A few weeks back I attended venture firm Accel Partners' New Data Workshop event and learned quite a bit about the state of what we are now commonly referring to as "big data" and the challenges that await the vendors trying to target this new way of slicing and dicing vast amounts of information.
One of the big takeaways for me was the realization that even with all of the processing power available nowadays, the amount of data is growing at such a rapid pace that people are simply looking to cope with the problem, rather than facing it head on.
The issue of processing large amounts of data is not necessarily new--most developers and IT staff can tell you about having too much information to deal with--but, the big difference is that there are new approaches, tools and technologies that can help alleviate the difficult in processing.
Over the course of the last 30 years or so the way that machines process transactions has changed, but so too has the vast amount of data that is being processed and collected, now with an eye toward real-time analysis of information.
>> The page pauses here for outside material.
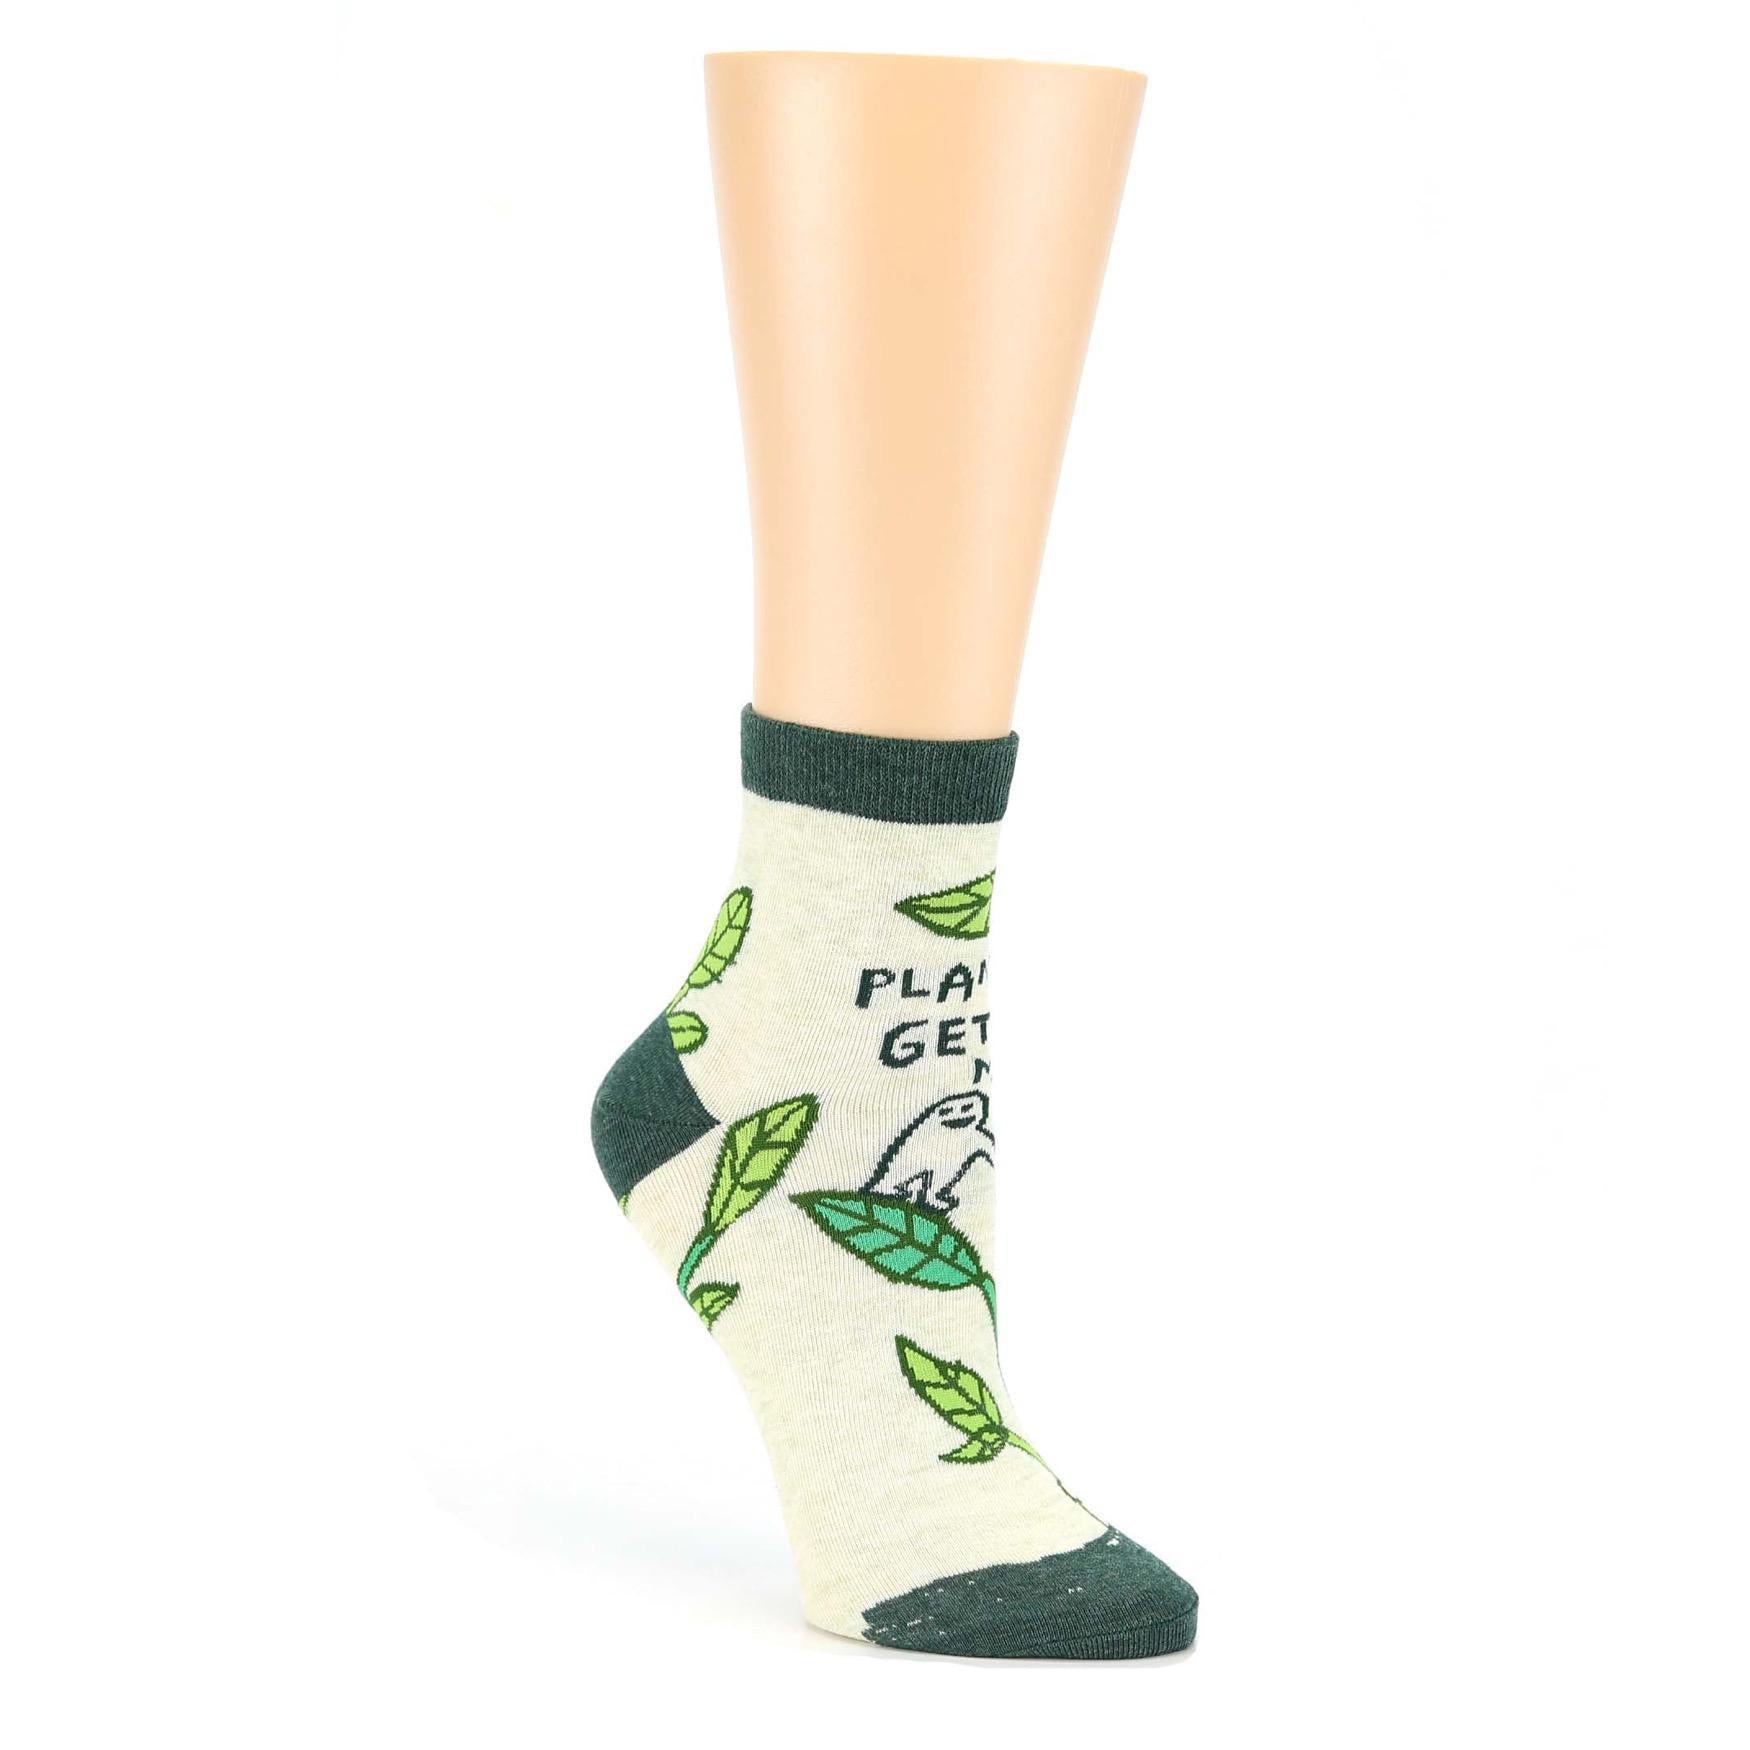 "Plants Get Me" - Ankle Socks

This has led to the advent of a number of technologies that allow for data processing to be offloaded and managed in both structured and unstructured ways--examples include open-source projects like Memcached and Hadoop as well as NoSQL data storage mechanisms like Cassandra.
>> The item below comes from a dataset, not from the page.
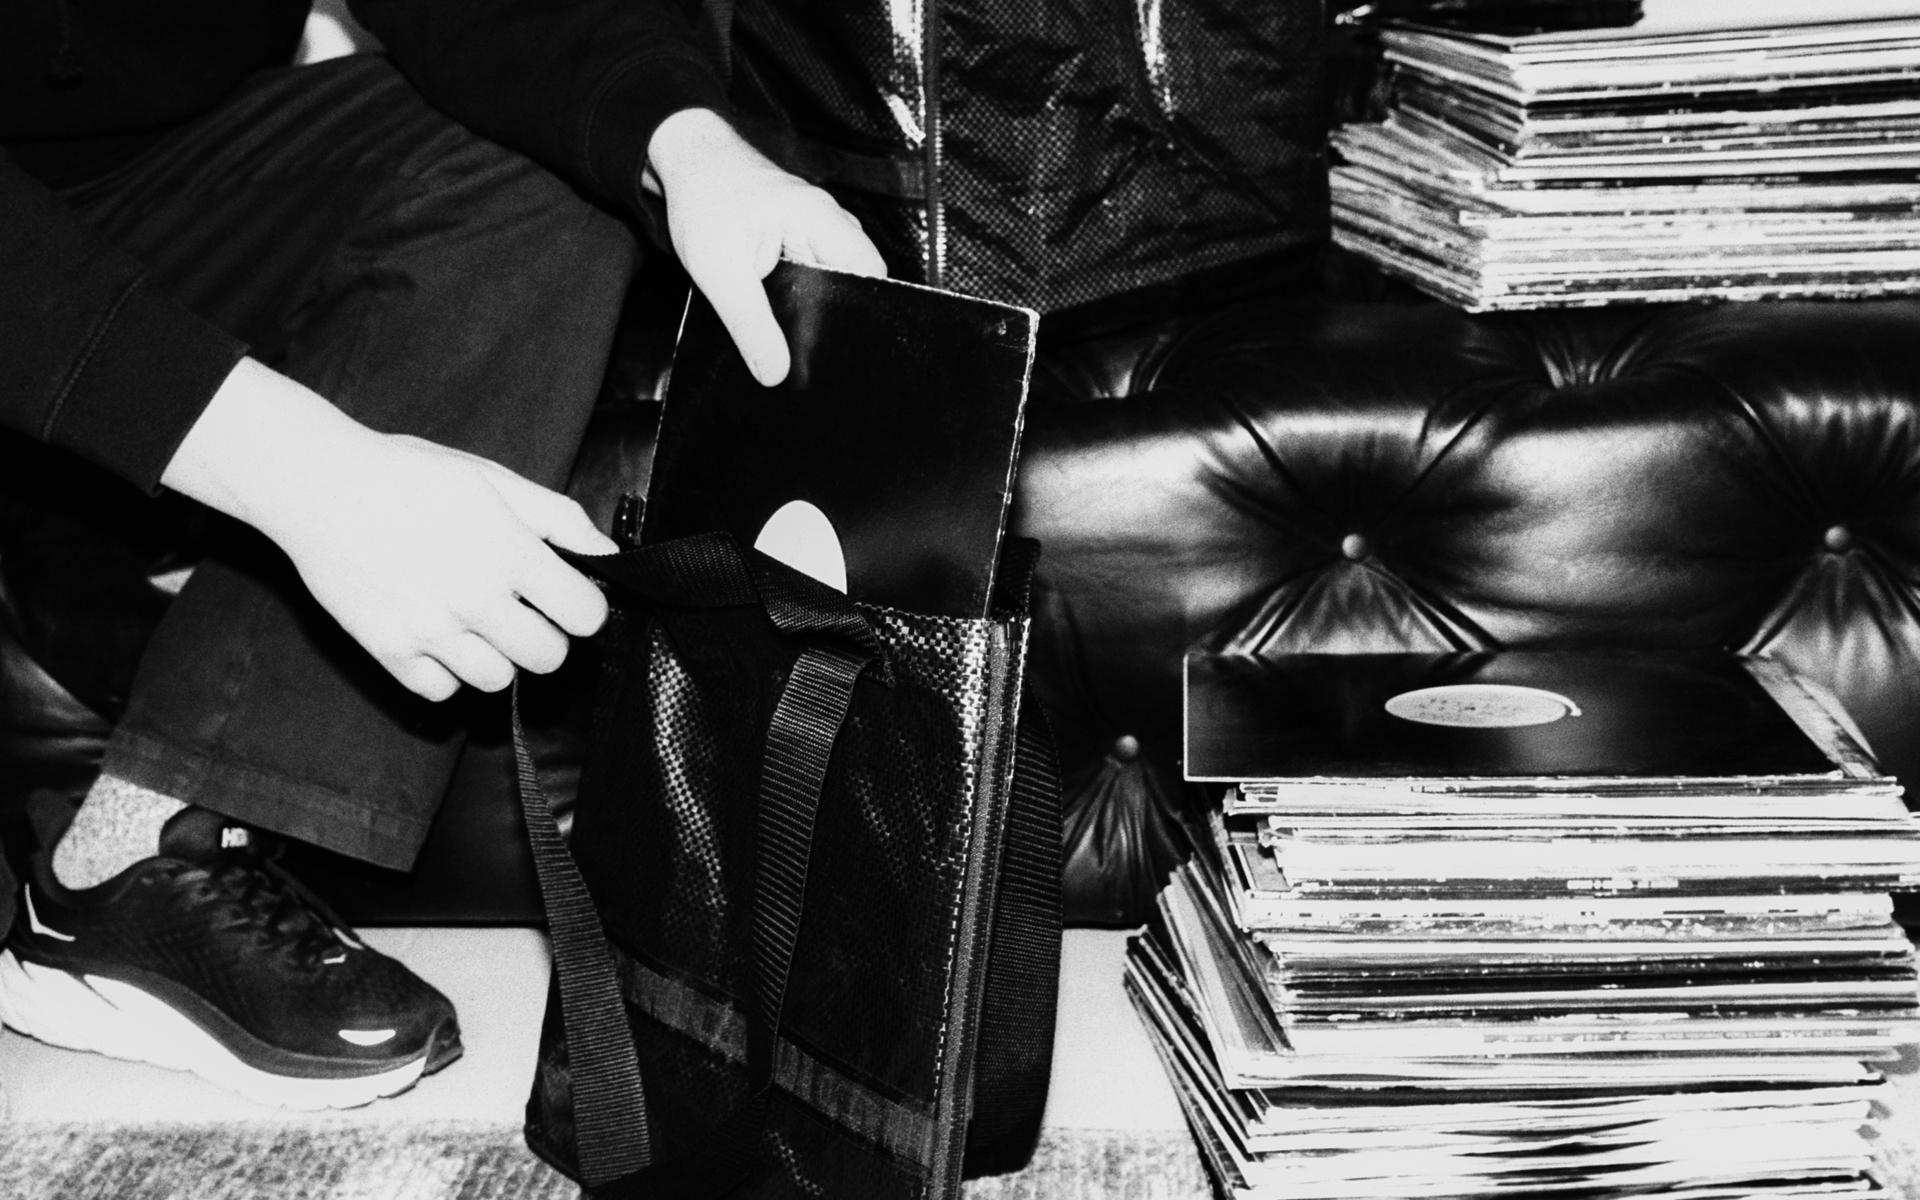  Bland prylarna Swedish House Mafia satt sitt namn på märks en större väska för vinylskivor.

For the moment the blocking factor facing any and all of these technologies is the level of difficulty associated with using the software that wasn't initially designed to be used by less-skilled developers and IT staff.
Importantly, the rise of these big data products has introduced a new wave of vendors including Northscale (focused on Memcached and Membase), Cloudera (focused on Hadoop) and Riptano (focused on Cassandra) that have expertise in the technology and appear poised to ride the wave, assuming that enterprises are interested and willing to pay. (Disclosure: I am an advisor to Riptano.)
But there is no one specific technical approach that solves every problem, making it an interesting challenge for those attempting to implement these different products and also for the vendors trying to predict the future.
So while there are many ways to solve the problem the important thing is the approach. Monolithic legacy technologies are being replaced with distributed computational resources (often compute clouds) and relational databases can be replaced, or perhaps offset with NoSQL data stores that allow for extremely high volumes of transactions without requiring SQL-specific programmatic methods.
The question remains as to where these resources live, in a corporate data center or out on the Internet at providers like Amazon Web Services or Rackspace Cloud. Odds are a hybrid approach to processing and managing this data--both through internal compute clouds and public cloud offerings--is the path to success.
What remains to be seen is how quickly enterprises will make their way to the new world of big data, and how much consistency, in both application data and design matters across the variegated ways of customers currently manage their information.